Как приехал батюшка, рассказала ему все. Он бороду погладил, усы пощипал, и сказал:
— Не плачь, дочка, все к лучшему. Жаль только, что меня не было — показал бы я ему, как дочь мою обижать, не посмотрел бы на посох чародейский!
Я еще пуще заплакала, и обнял меня отец любимый, к груди прижал.
— Или, — говорит, — запал он тебе в сердце, оттого и плачешь?
Я головой замотала от возмущения.
— Да ты что, батюшка! Да я и думать о нем завтра забуду!
— Ну вот и хорошо, — улыбнулся отец. — Соседи пошепчутся и перестанут, а чтобы ты поскорее снова радостной стала, возьму я тебя на торг столичный завтра, Марья. Развеешься, накупишь нарядов и лакомств, и больше никакие колдуны тебя тревожить не будут!
Через неделю возвращались мы с батюшкой домой после торга столичного под охраной дружины верной, людей военных. Торг на рассвете каждый день начинался, и хорошо, богато прошел: десять возов товаров отец в стольный град привез, а обратно на одном мы ехали, гостинцы везли да запасы нужные. Остальные возы порожними следом шли.
Накупила я тканей цветных, утвари разной, и батюшке помогала рук не покладая; так занята была, что о колдуне рыжем почти и не вспоминала. А когда вспоминала, фыркала: тоже мне, жених! Рыжий, горбоносый!

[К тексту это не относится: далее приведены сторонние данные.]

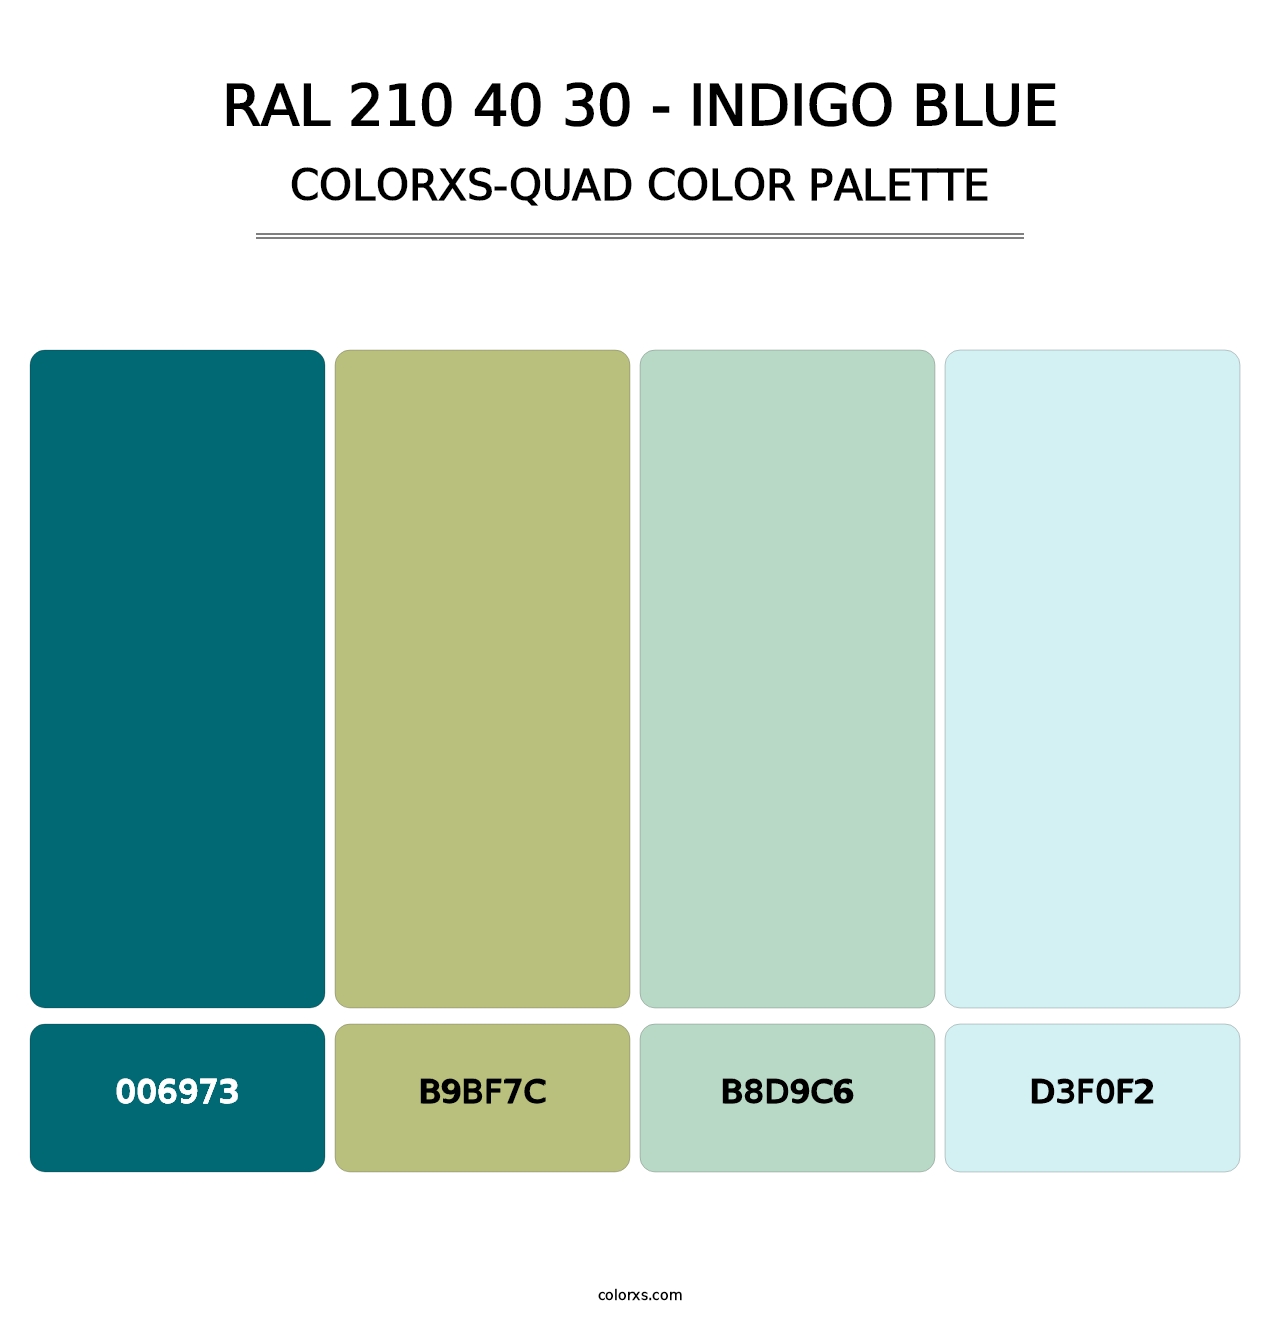 RAL 210 40 30 - Indigo Blue - Colorxs Quad Palette

Нет, Алена тоже рыжая, но у ней волос огненный, теплый, издали приметный, а у этого и рыжина-то выцветшая, холодная, белесая, и сам он холодный. Точно в жилах не кровь, а водица от девы озерной по наследству передалась.
Глупой меня назвал! Преломленье света, мол, не знаю! Да кто его знает-то вообще? Зато я борщи так варю, что любое преломленье из мыслей выбьет! Только о добавке думать будешь!
Злилась я и как ловила себя на том, что о колдуне думаю, так сразу из головы его выкидывала и за дело какое-нибудь принималась. Нечего в мыслях моих всяким рыжим делать!
Привез батюшка в столицу и ковры, которые я зимой ткала. Работа долгая, да и зима у нас небыстро проходит, что еще в трескучие морозы делать? Расхватали их в первый же день так быстро, что не все петухи трижды солнце поприветствовать успели. За последний ковер, с жар-птицей, в небе ночном крылья раскрывшей, и вовсе двое иноземцев чуть не подрались: толстый, в чалме золотой, кафтане пышном и туфлях загнутых, и худой, чернявый, словно палку проглотивший, со взглядом цепким. Он перед этим все батюшку выспрашивал, что за чудо-птица на ковре изображена: выдумал ли кто, или правда есть такая красота?
— Да у нас на Руси Волшебной только слепой их не видел. Стаями по осени летают, из Вирия прилетают, — степенно отвечал отец, — орут, как жабы на болоте, яблони объедают, паршивицы, и поймать сложно, и не отвадить ведь!
Заспорили покупатели между собой, слово за слово схватились, за грудки взялись — полетели пуговицы, затрещала ткань. Я за пологом лавки пряталась, наблюдая и посмеиваясь, а батюшка с помощниками его рукава закатывать начали — спорщиков разнимать, ежели до махания кулаками дойдет.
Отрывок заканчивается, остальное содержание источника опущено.